Republicans Must Pass the SAVE America Act Now - Before Time Runs Out
Every day, Americans register to vote with little more than a simple check of a box to affirm U.S. citizenship - in most cases without any hard evidence required. It’s an honor system that assumes everyone plays by the rules.
The Safeguard American Voter Eligibility Act - or the SAVE America Act - ends that reliance on self-attestation. It requires documentary proof of U.S. citizenship, like a birth certificate, naturalization certificate, or even a valid passport, when an individual registers to vote.
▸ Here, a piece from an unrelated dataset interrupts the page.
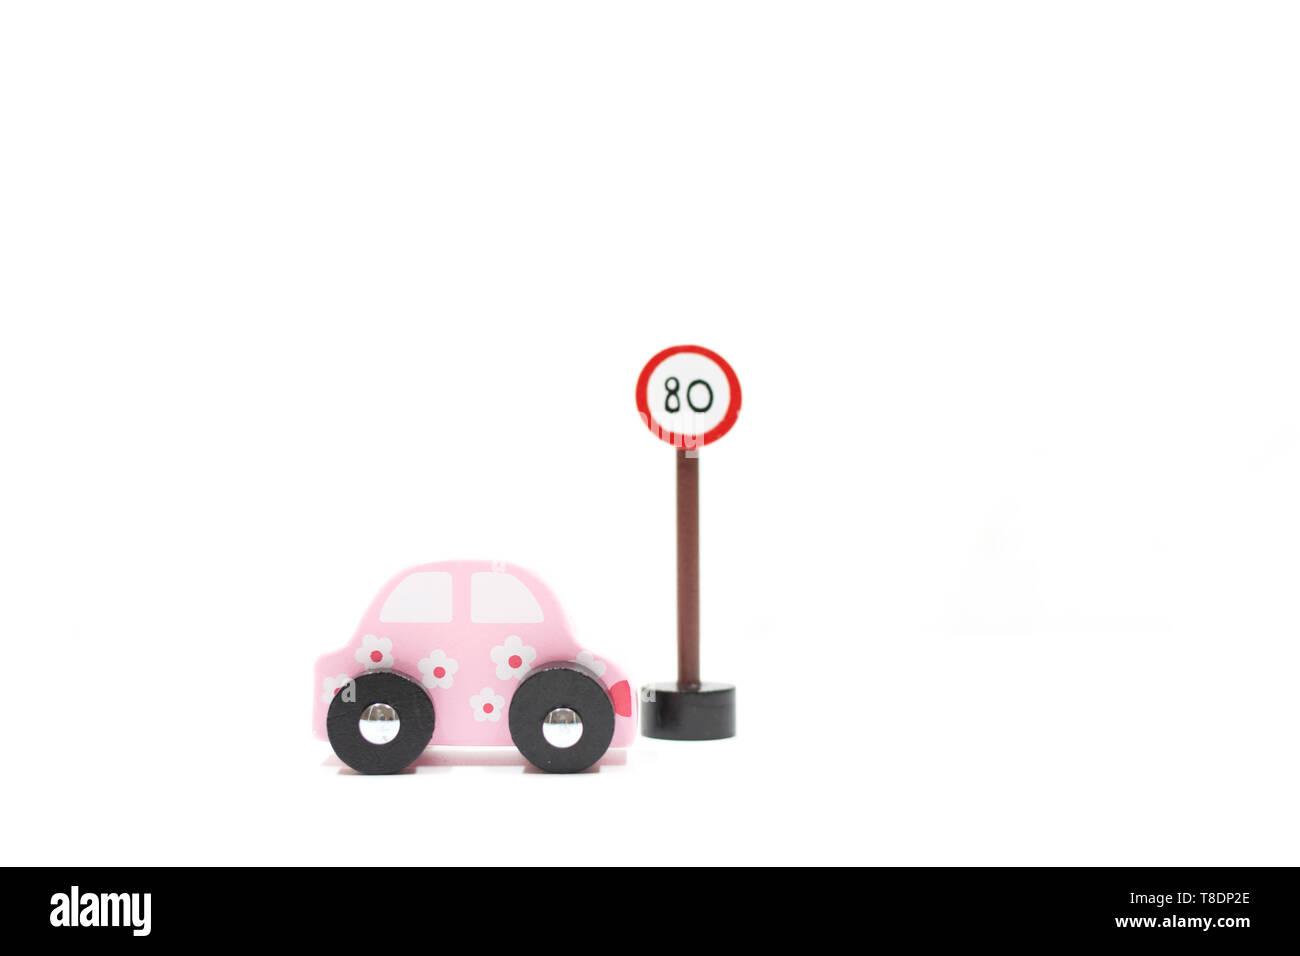 Aprenda a conducir los coches y signos sobre fondo blanco.Obtenga la licencia de conducir. Propósito para verano. licencia de conductor las normas de circulación de tráfico. Imagen De Stock

It would also require a government-issued photo ID to cast a ballot in federal elections and mandate states to utilize existing federal databases to identify and remove non-citizens from their voter rolls.
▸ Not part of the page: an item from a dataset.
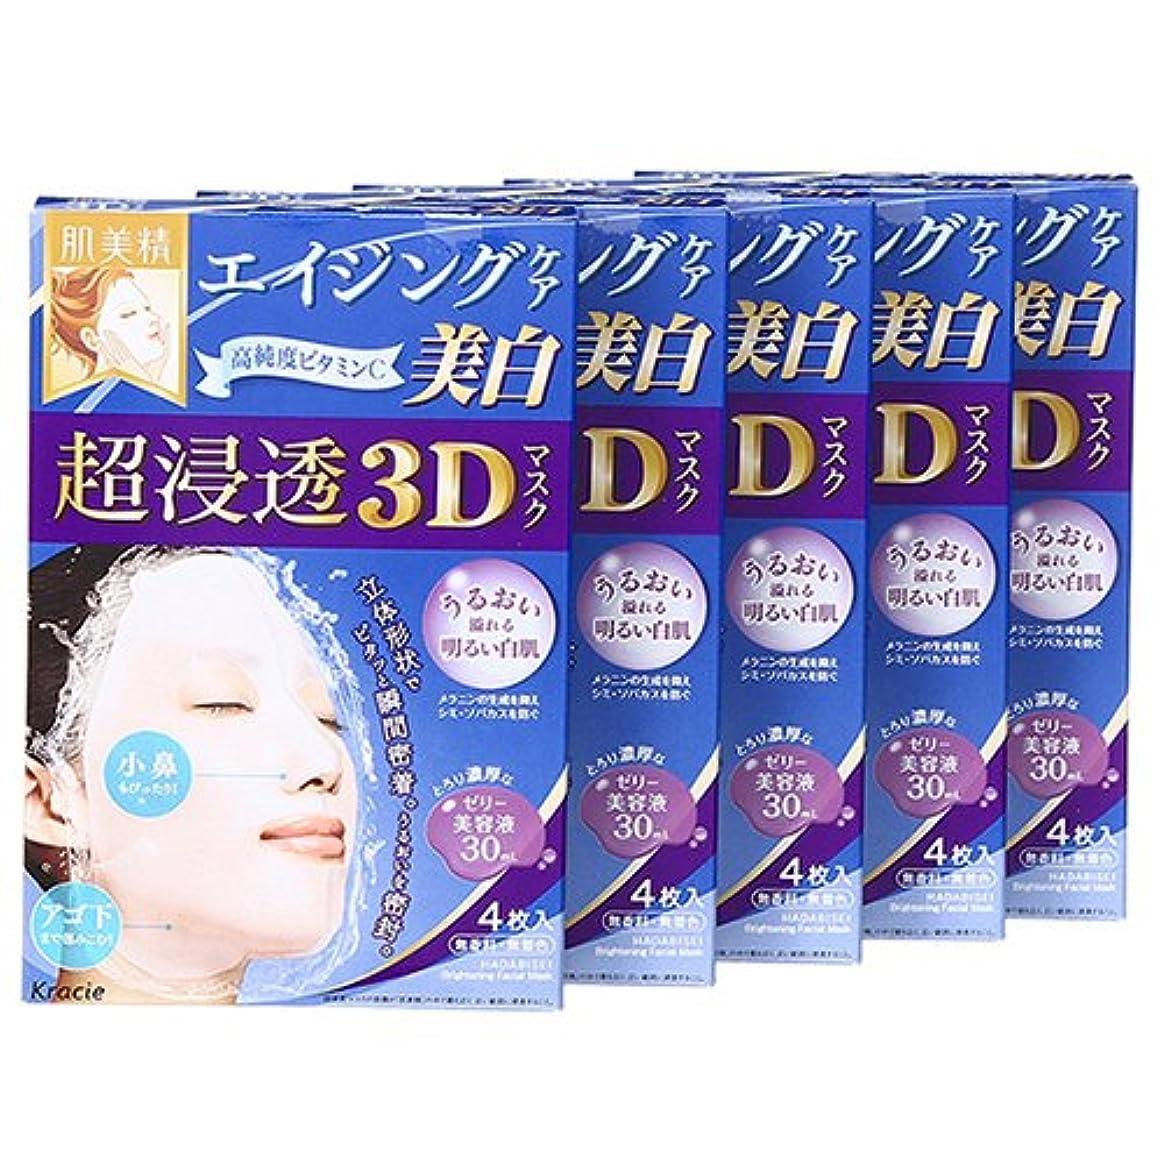 相互養うサービスクラシエホームプロダクツ 肌美精 超浸透3Dマスク エイジングケア(美白) 4枚入 (美容液30mL/1枚) 5点セット [並行輸入品]

The measure is straightforward and simply enforces long-standing federal law that only American citizens are eligible to vote in federal elections - yet it remains locked in Washington gridlock.
As federal lawmakers return from their spring recess, the clock is ticking for the Republican majority to turn this proposal into law.
The SAVE America Act is urgently needed to close the enforcement gaps that have eroded our nation’s election integrity. State audits continue to uncover non-citizens on voter rolls - people who have actually cast ballots in our elections. In Michigan, for example, a 2025 review identified fifteen non-citizens who voted in the 2024 presidential election. And it’s not only in blue states - in Texas, authorities opened investigations into thirty-three potential non-citizen voters from the 2024 cycle, and in Georgia, an audit revealed twenty non-citizens registered with at least nine having voted in prior elections.
Indeed, these cases represent a tiny fraction of total votes, but they carry outsized consequences. I’ve seen many elections in my lifetime decided by only a small margin of votes, especially at the local level. When ineligible votes slip through, even unintentionally, they provide legitimate grounds for doubt and fuel widespread skepticism. Americans have given lawmakers a clear mandate to act, with an overwhelming majority supporting proof-of-citizenship and voter ID laws. Harvard CAPS/Harris Poll reported in a February survey that more than 70% of voters across the political spectrum responded favorably to the SAVE America Act - meaning this isn’t even a partisan issue.
Voters intuitively understand that the documents needed for passports, firearms purchases, banking, and federal benefits should also apply to the sovereign act of electing our representatives.
The SAVE America Act closes these vulnerabilities at the registration stage instead of relying on after-action cleanups. It shifts from reactive enforcement to proactive verification while preserving state flexibility. Thirty-six states already require voters to show some form of identification to vote, like in Iowa and Georgia, where voter turnout is sustained despite stricter identification requirements. And despite what Democrats and their talking-head pundits in the media have claimed, the bill includes practical accommodations for voters facing name changes or who have lost their documents. The burden is minimal and outweighs the far greater risk of the slow decay of public trust.
Speaker Mike Johnson, to his credit, did his job - the SAVE America Act passed the House with unanimous Republican support and even one Democrat breakaway. Yet it now remains stalled in the Senate, with unanimous Democrat opposition blocking the remaining seven votes needed to bypass debate and overcome a filibuster. And with the midterm election nearly six months away, this rare alignment of Republican power may be squandered.
Senate Leader John Thune - and President Donald Trump, in part - face a defining test. They must prioritize this bill and deploy every procedural tool reasonably available to secure a final up-or-down vote - even if it means changing Senate rules to eliminate the 60-vote filibuster threshold. Letting it languish in gridlock or get sidelined by other priorities signals weakness on an issue that has maintained broad public support.
Passing the SAVE America Act must transcend partisanship as it reaffirms the core principle of self-government: that only the citizens who live under our laws should choose the leaders who write them. The time to act is now, and Republican leaders must move quickly to enact this essential safeguard before another election cycle unfolds under a shadow of doubt and division.
Peter Giunta is a millennial voter and Republican strategist based in New York. He has appeared on Fox News and writes about the issues driving Republican voters from the youth perspective.